All types of honey, both raw and heated, work naturally to harmonize the liver, neutralize toxins, and relieve pain.

Its warming / cooling energy is neutral.

In addition, pasteurized or cooked honey moistens dryness and treats dry or hoarse throat and dry cough.

Both raw and heated types of honey are useful for treating stomach ulcers, canker sores, high blood pressure and constipation

Honey’s sweet and antitoxic properties are used to break the cycle of alcoholism (alcohol is a sugar)

Honey’s harmonizing effect is also beneficial when a person is overworked, having menstrual problems, or is exhausted from salty and rich foods.

For those whose diet is primarily grains and vegetables, a small amount of honey is normally adequate.

Heat-processed honey should not be used by people with copious amounts of mucus.

Raw, completely unprocessed, unheated honey is preferable; it has the ability to dry up mucus and is helpful for those with damp conditions including edema and too much weight.

Raw honey is not recommended for infants

The science of Ayurveda has long claimed that the beneficial properties of honey are lost when heated.
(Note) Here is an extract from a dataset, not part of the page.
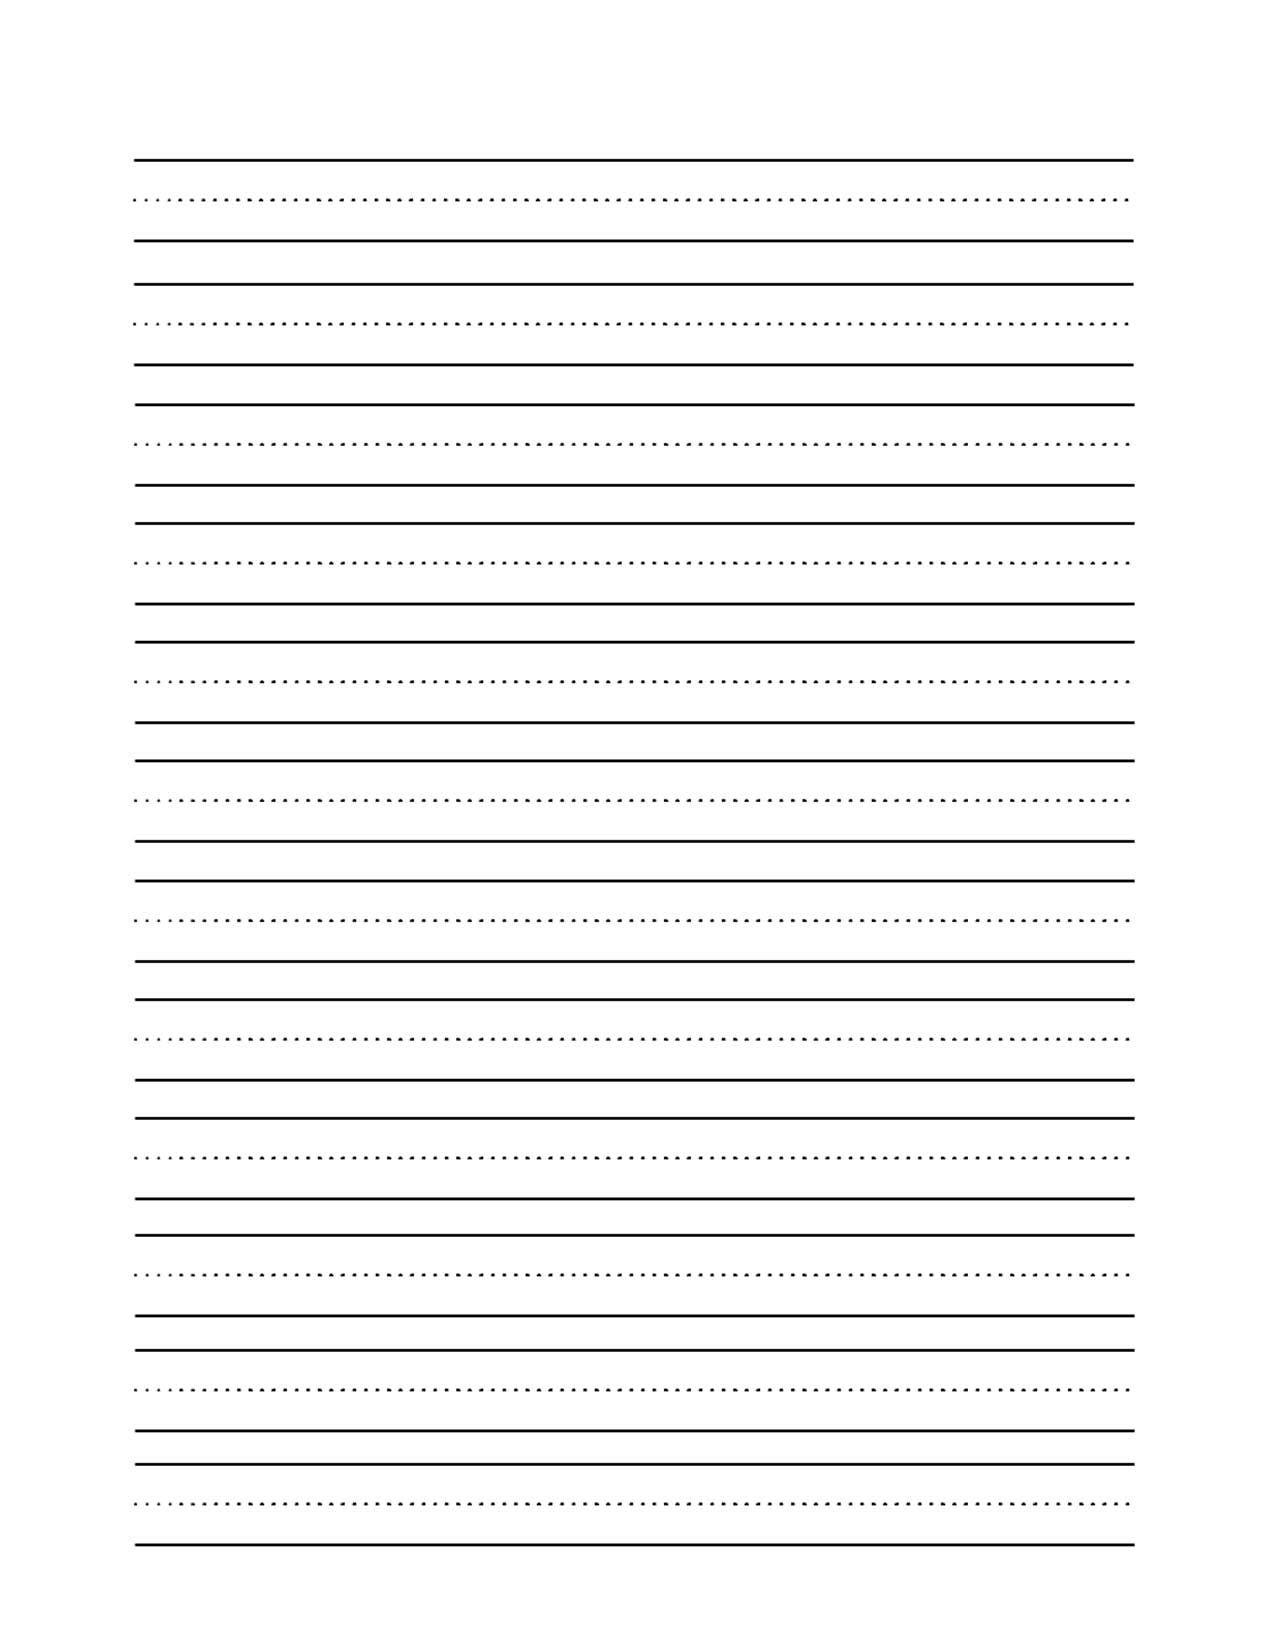 13 Best Images Of Printable Blank Handwriting Worksheets

Raw honey can be obtained from some grocery and natural food stores, or from beekeepers.”

Baking Soda

“An excellent use of baking soda is as a dentifrice.

Its highly alkaline properties neutralize plaque acids and eliminate the bacteria that cause tooth decay.

Even more important, baking soda helps stop the major cause of tooth loss – gum infection and inflammation such as gingivitis and pyorrhea – better than most commercial toothpastes.

These traits and its non-abrasive quality make it a safe and effective toothpowder for regular use.”

“Baking soda is useful in the treatment of athlete’s foot: dust feet liberally in the morning and then put on cotton or wool socks.”

“For bee stings, apply a wet paste to draw toxins and reduce pain.”